Se dovessimo sintetizzare questa profusione di “soluzioni”, verrebbe in mente uno slogan rivisitato: “Risparmio ovunque, salute da nessuna parte!”. In fondo, non si parla quasi mai di bisogniin ambito sanitario e delle condizioni necessarie per soddisfarli. Proviamo a fissare alcuni punti che potrebbero aiutare a rivedere la situazione.

1.L’obiettivo che dovrebbe orientare l’azione sociale e politica di fronte al sistema sanitario dovrebbe essere lo sviluppo di servizi che garantiscano a lungo termine l’accesso alle cure e il necessario sostegno sociale per tutti, indipendentemente dal reddito, dall’età, dal sesso o dal luogo di residenza, e che corrispondano a quello che può essere definito lo “stato dell’arte” in questi settori, grazie al personale che possa lavorare in condizioni dignitose. Tale sistema può essere pienamente efficace solo se si integra a politiche economiche, sociali e ambientali che creino condizioni di vita e di lavoro e un ambiente favorevole alla salute della popolazione.

2. Per raggiungere questo obiettivo, la sfida, ora e nei prossimi anni, non è quella di “risparmiare sulla salute“, ma di investire in essa in modo coerente. E quersto per tre ragioni.

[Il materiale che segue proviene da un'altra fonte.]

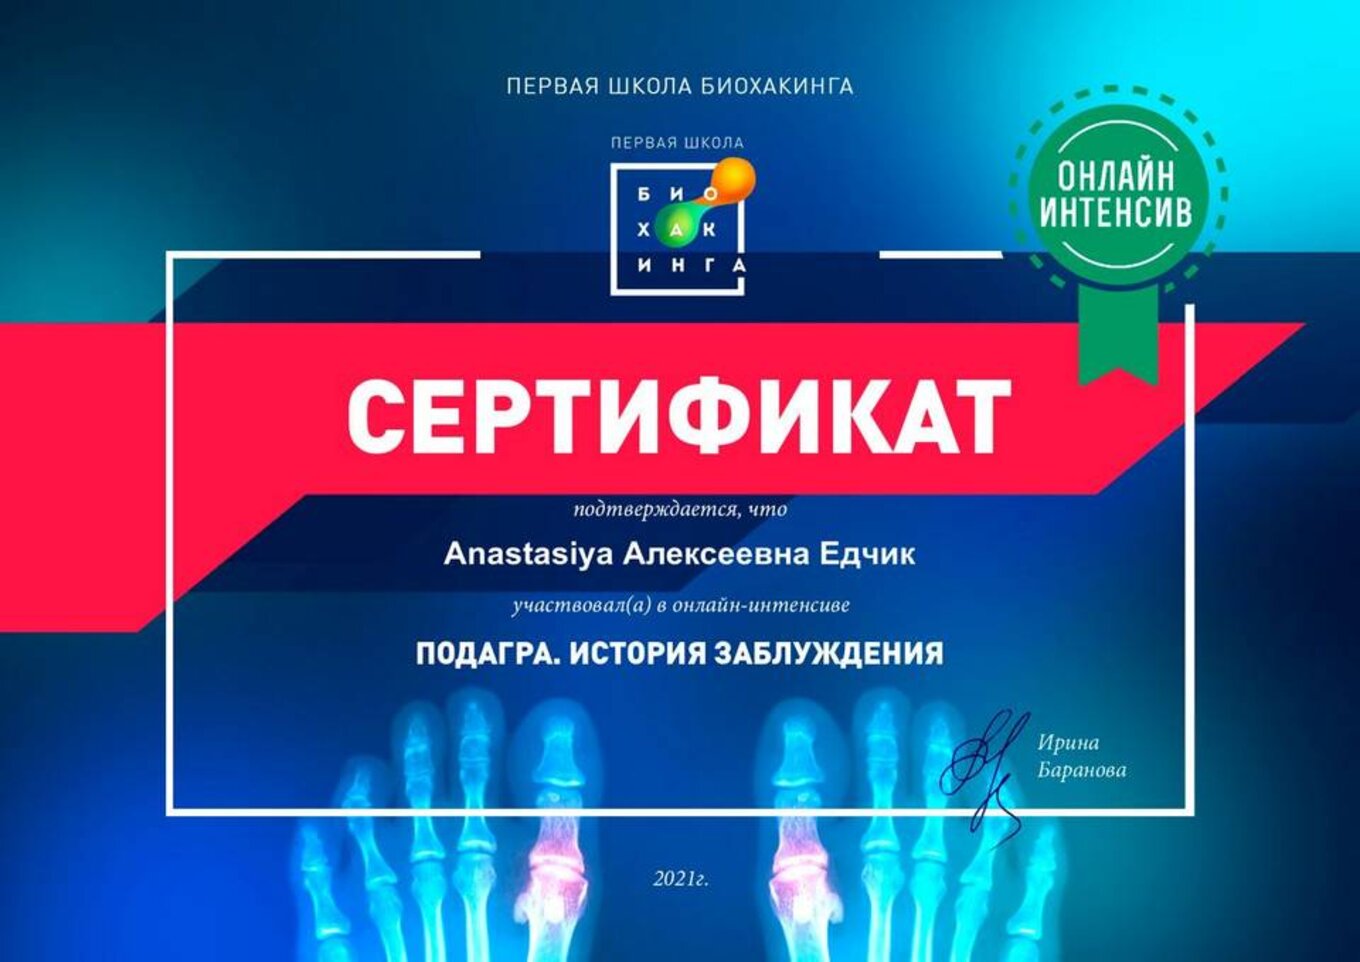 certificates/yedchik-anastasiya-oleksiyivna/erc-edchik-cert-02.jpg

1°) A parte la medicina somatica acuta, l’attuale offerta sanitaria è insoddisfacente in diversi settori; ne sono alcune delle illustrazioni più evidenti le carenze case per anziani (CPA) come nell’assistenza domiciliare, la mancanza di medici in alcune regioni o per alcune specialità, ma anche l’inadeguatezza del supporto alle persone che lasciano l’ospedale sempre più rapidamente, per non parlare della vergognosa carenza nell’assistenza agli immigrati privi di documenti;
2°) le condizioni di lavoro, non solo negli ospedali ma anche nelle case anziani e nell’assistenza domiciliare, devono essere migliorate, per il bene del personale e per la qualità dell’assistenza ai pazienti:  riduzione dei ritmi di lavoro, diminuzione del tempo di lavoro e  aumento corrispondente degli effettivi, rivalutazone dei salari: queste misure sono in linea con il programma definito nell’iniziativa Per cure infermieristiche forti approvata dal popolo (il 28 novembre 2021) e sono impensabili senza grandi investimenti nel settore delle cure;
3°) il graduale arrivo in età avanzata delle generazioni più numerose del baby boom porterà a un aumento dei bisogni nei prossimi 20-30 anni.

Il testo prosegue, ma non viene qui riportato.